演劇集団円 「ヴェニスの商人」
人間は、自分とは異なる信条を持つ者に、こうも残酷になりえるのか。
キリスト教こそが正義となれば、異教徒に対して唾を吐こうが暴言吐こうが、誰も意にもとめない。たとえそれが、イエスと同じ人種であろうとも。
その異教徒が法に則った裁きを求めれば、「キリスト教」という正義に仇成すにっくき輩として、キリスト教徒の全員が牙をむく。
そもそも、シャイロックがあれだけ頑なになったのは、誰のせいか。彼を仲間外れにしたのは一体どちらか。アントーニオの差別的扱いさえなければ、街の必要悪的な「気に食わない高利貸し」程度だったかも知れないのだ。
だいたいバサーニオなんて、自分の非才のせいで借金こさえた恋に盲目なダメダメ高慢ちき野郎じゃん。友人だからとお金を借りてあげるのはいいけれど、高利貸しから借りるなら、その高利を受けいれることも要検討じゃないかしら。自分が金利を取らないからってそれを相手に押し付けるのはどうなのよ。んで、無利子の代わりに人肉をってなったんだから、せめてそれを返せる算段くらいつけとけよ。
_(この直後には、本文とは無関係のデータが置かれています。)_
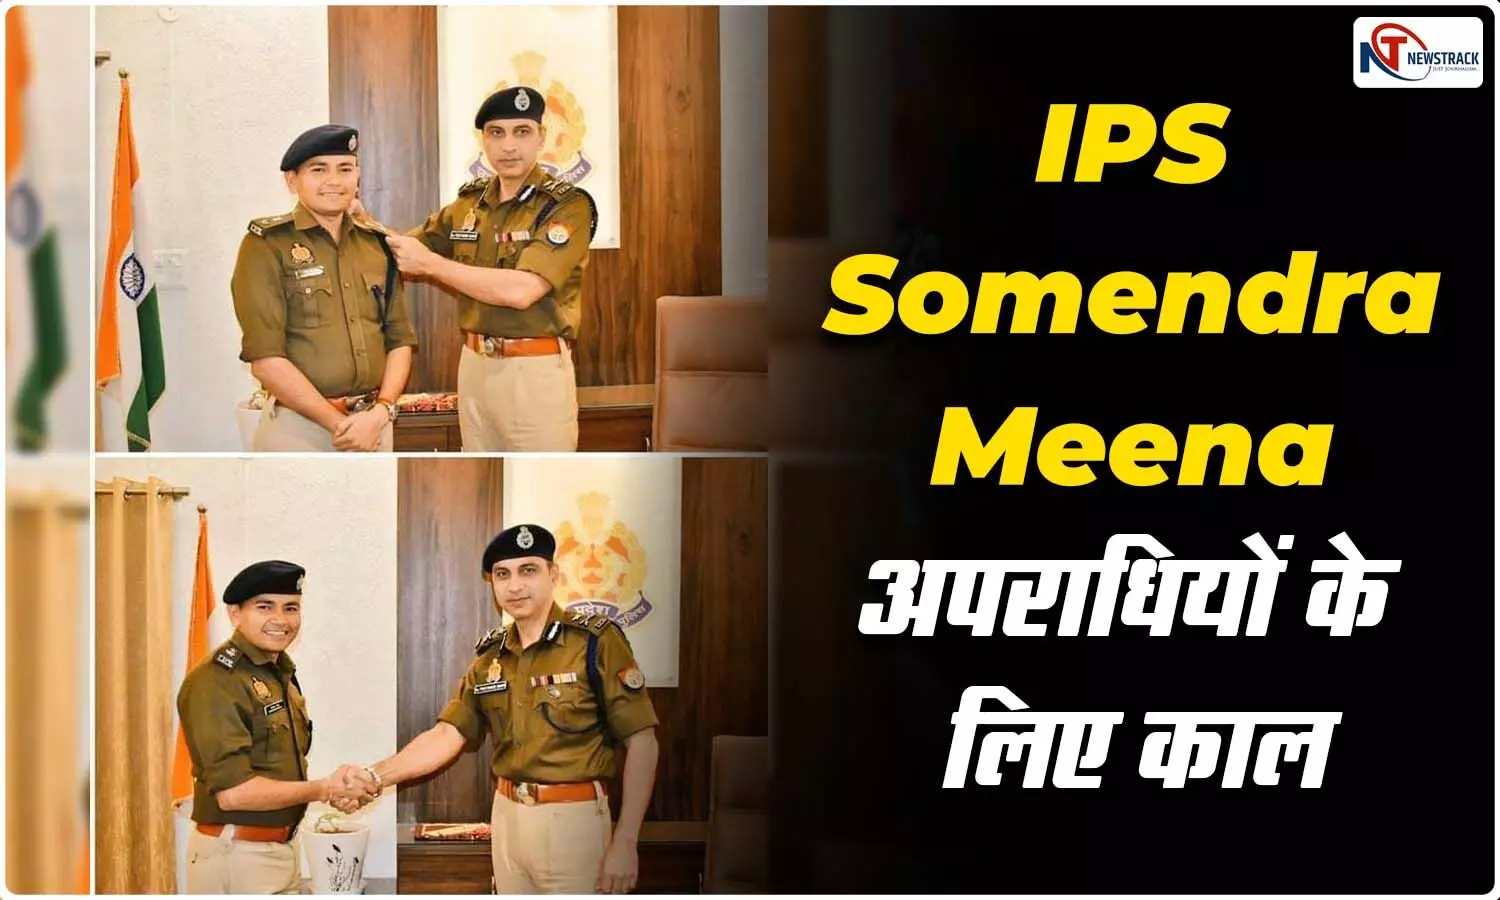 IPS Somendra Meena

まったくもう。
シャイロックの意固地をさらに固めたのは、娘を「キリスト教徒ら」に誘拐されたからだしさ。
結局シャイロックは、財産を失い、娘も失い、希望も失った挙句に、十字架を振りかざし、自らの正義の絶対を信じて疑わないキリスト教徒らの手により、宗教という精神の拠り所まで失った。
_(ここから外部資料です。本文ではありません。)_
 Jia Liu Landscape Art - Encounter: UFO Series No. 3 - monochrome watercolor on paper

品を変え形を変え、こういった人間の姿は今も垣間見える。いや、垣間見えるどころか、堂々と姿を現していたりする。名前ではなく「ユダヤ」「ユダヤ」と連呼されるのを聞いているだけで、本当に辛い。
人間の業って、結局全然変わらないのか。
シェークスピアの時代かくやってくらい、ほぼ空舞台の2時間半。緞帳もない。照明も最低限。その中で、ラストの十字架の下で無表情に執り行われる洗礼の水。
「水に流す」心情は、東洋的な気がするけれど、あの水は希望の一切を魂から流してしまう水だった。
その水から上がったシャイロックのピタピタという濡れた足音に、涙すら枯れた絶望の音がした。
でも、さらに思う。これだけ嫌われる行いを、シャイロック含めたユダヤの人々がこれまでずっと繰り返してきたのだとしたら。その高利のせいで、財産の全てを失い、路頭に迷った人がいたのだとしたら。金利を返せずに貧困にあえぐあまり、ただ一切れのパンを盗み、その結果何十年も「法の裁き」を受けるような人々が余りにも多く生み出されたのだとしたら。彼らから問答無用で搾り取ったお金で、シャイロックは富をなしたのだとしたら。そして彼らを救う為、無利子での資金援助をアントーニオの父やら祖父やらが始めたのだとしたら。
いつだって業はぐるぐる回る。その瞬間を切り取っただけでは、何も決めつけられはしない。切り取った瞬間に感じた正義は、長い長い年月というスパンで見たら、逆転するのかもしれない。
シェークスピアは大好きだが、この演目は、やっぱりあまり好きになれない。でも、それは、人がどうにも逃れられない業の深さをこれでもか!とばかりにえぐり取っているからかも知れない。
普遍的な、人間が陥りうる闇の醜さを。